Ричи звонил каждый час, как и обещал, – в очередной раз сказать, что ничего не произошло. Иногда Дина разрешала мне ответить после первого звонка – грызла палец, пока я разговаривал, а когда я заканчивал, повышала передачу: “Кто это был?”, “Чего он хотел?”, “Что ты рассказал ему обо мне?” Иногда приходилось ждать второго или третьего звонка, а она тем временем кружила по комнате все быстрее и говорила все громче, чтобы заглушить его, пока не падала от усталости на диван или на ковер. В час ночи она выбила телефон у меня из рук и завопила:
– Я пытаюсь тебе что-то сказать, а тебе насрать, пытаюсь с тобой поговорить, не игнорируй меня ради неизвестно кого, слушай, слушай, слушай!..

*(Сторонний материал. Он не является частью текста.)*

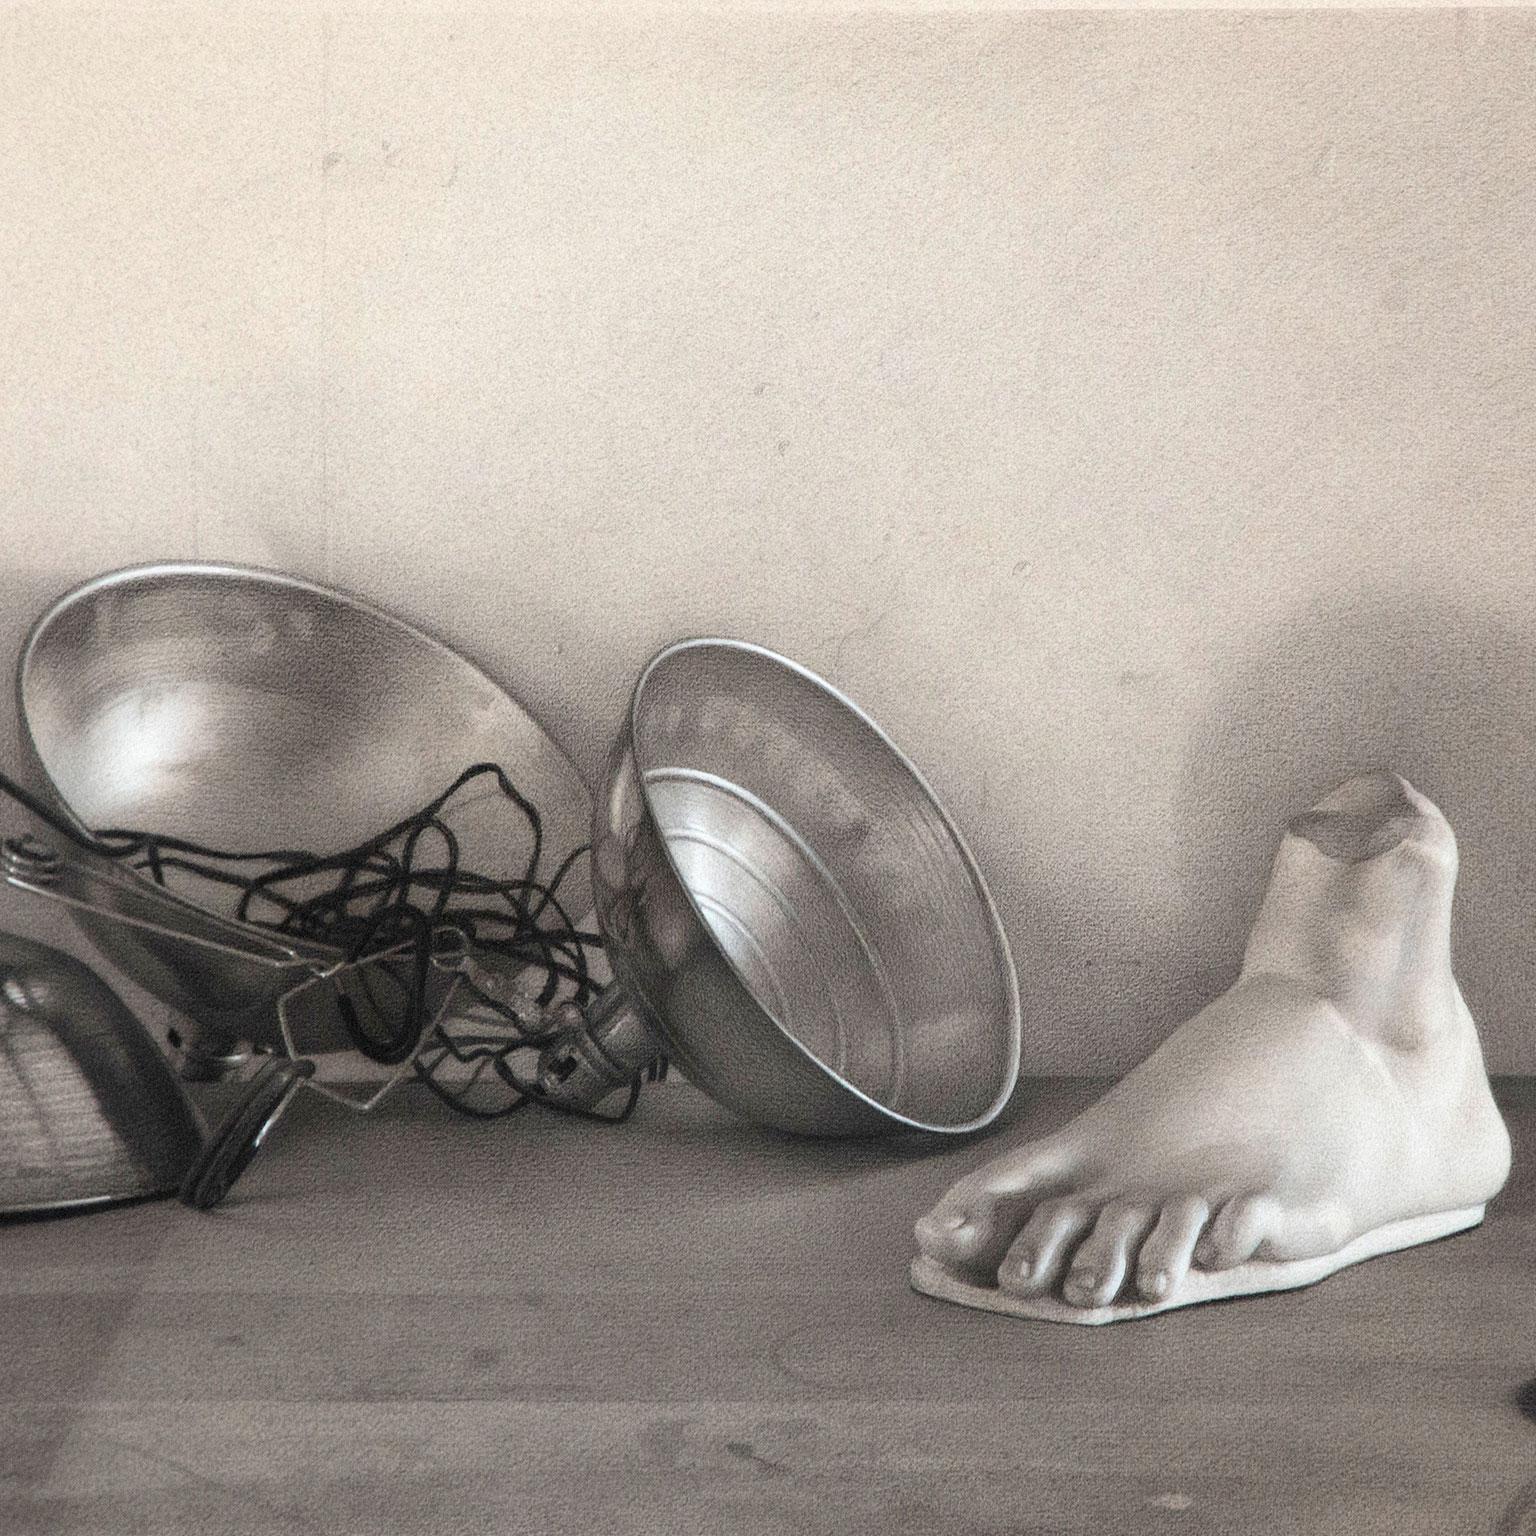 Claudio Bravo (1936-2011) ist ein bekannter chilenischer Künstler, der vor allem für seine akribischen hyperrealistischen Werke bekannt ist. Bravo wird für seine filigrane Präzision gefeiert, mit der er seine ausgesprochen surrealen und traumhaften

В начале четвертого она заснула на полуслове, свернувшись в тугой клубок и зарывшись головой между подушками. На кулак она намотала мою футболку и принялась ее посасывать.
Я принес из гостевой одеяло и накрыл Дину, потом притушил свет, налел себе холодного кофе и сел за обеденный стол раскладывать пасьянс в телефоне. Далеко внизу грузовик ритмично бибикал, сдавая назад; где-то на этаже послышался хлопок двери, приглушенный толстым ковролином. Дина шепнула что-то во сне. Прошел дождь, негромко шурша и стуча в окна, потом все снова стихло.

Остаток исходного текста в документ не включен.